Abstract:Recent advancements in multimodal large language models have successfully extended the Reason-Then-Respond paradigm to image-based reasoning, yet video-based reasoning remains an underdeveloped frontier, primarily due to the scarcity of high-quality reasoning-oriented data and effective training methodologies. To bridge this gap, we introduce DarkEventInfer and MixVidQA, two novel datasets specifically designed to stimulate the model's advanced video understanding and reasoning abilities. DarkEventinfer presents videos with masked event segments, requiring models to infer the obscured content based on contextual video cues. MixVidQA, on the other hand, presents interleaved video sequences composed of two distinct clips, challenging models to isolate and reason about one while disregarding the other.
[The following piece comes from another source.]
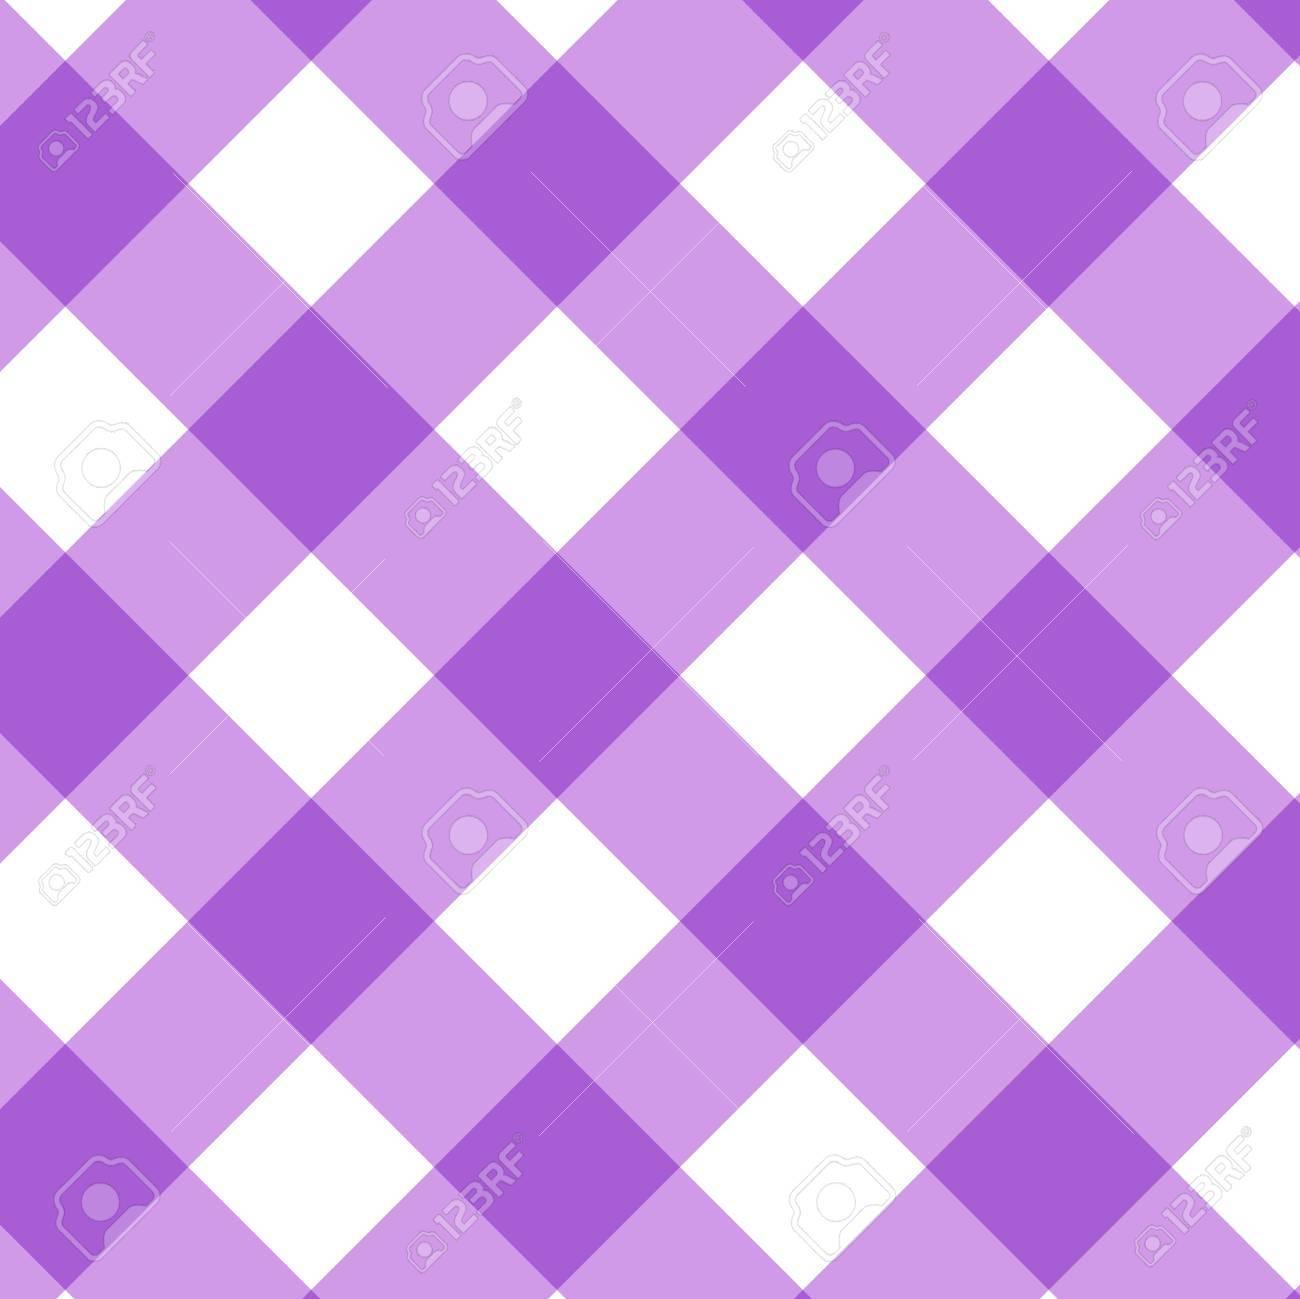 Tartan Plaid Seamless Pattern. Kitchen Checkered Purple Tablecloth Napkin  Fabric Background. Stock Vector
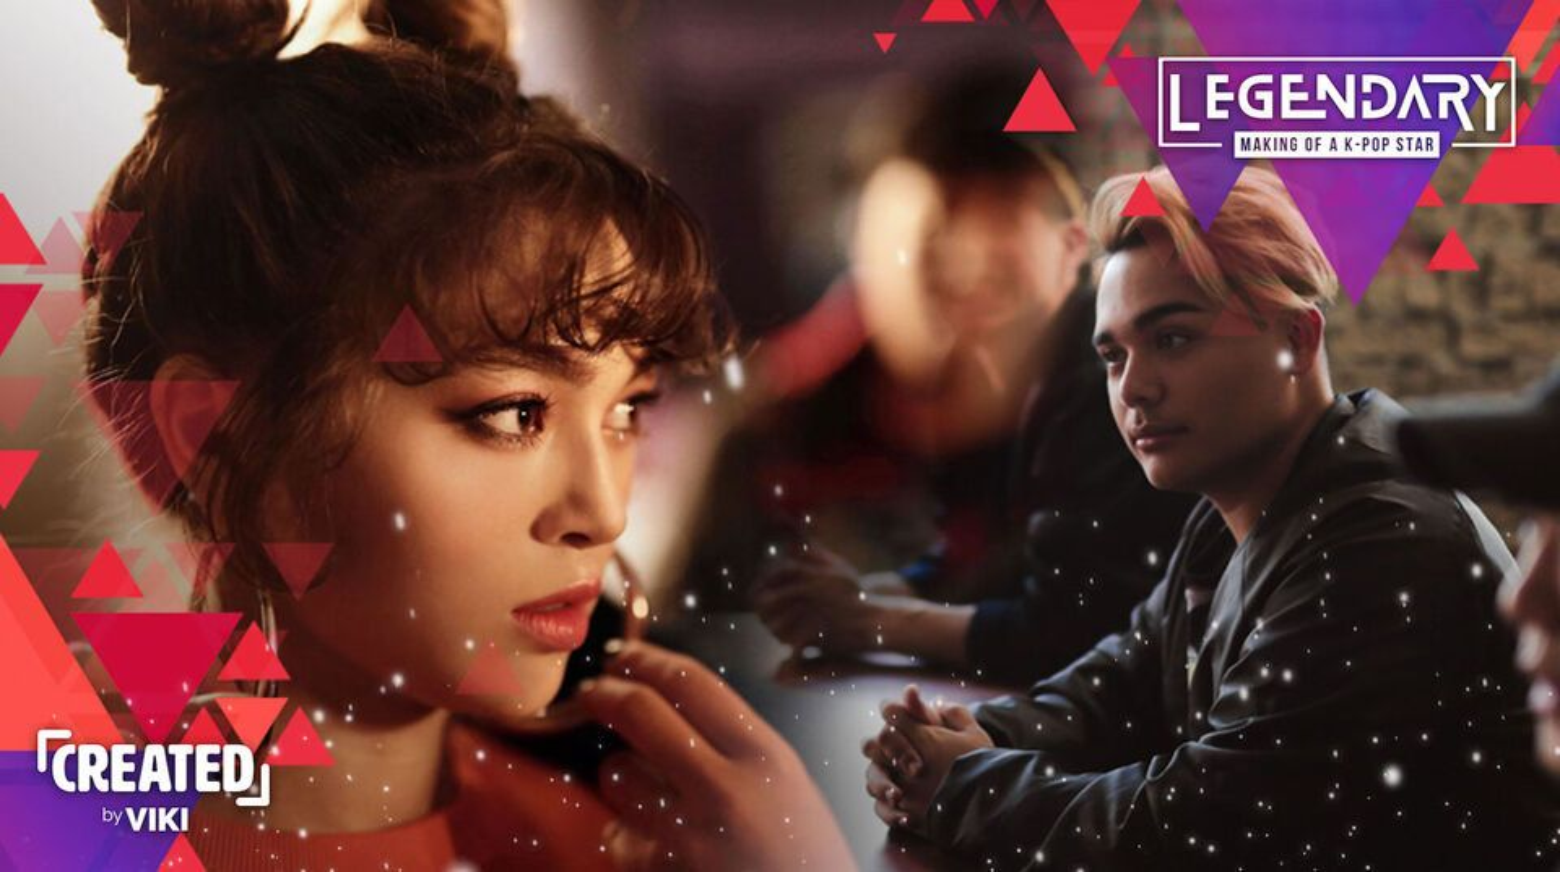 LEGENDARY: Making of a K-Pop Star

Leveraging these carefully curated training samples together with reinforcement learning guided by diverse reward functions, we develop VersaVid-R1, the first versatile video understanding and reasoning model under the Reason-Then-Respond paradigm capable of handling multiple-choice and open-ended question answering, as well as video captioning tasks. Extensive experiments demonstrate that VersaVid-R1 significantly outperforms existing models across a broad spectrum of benchmarks, covering video general understanding, cognitive reasoning, and captioning tasks.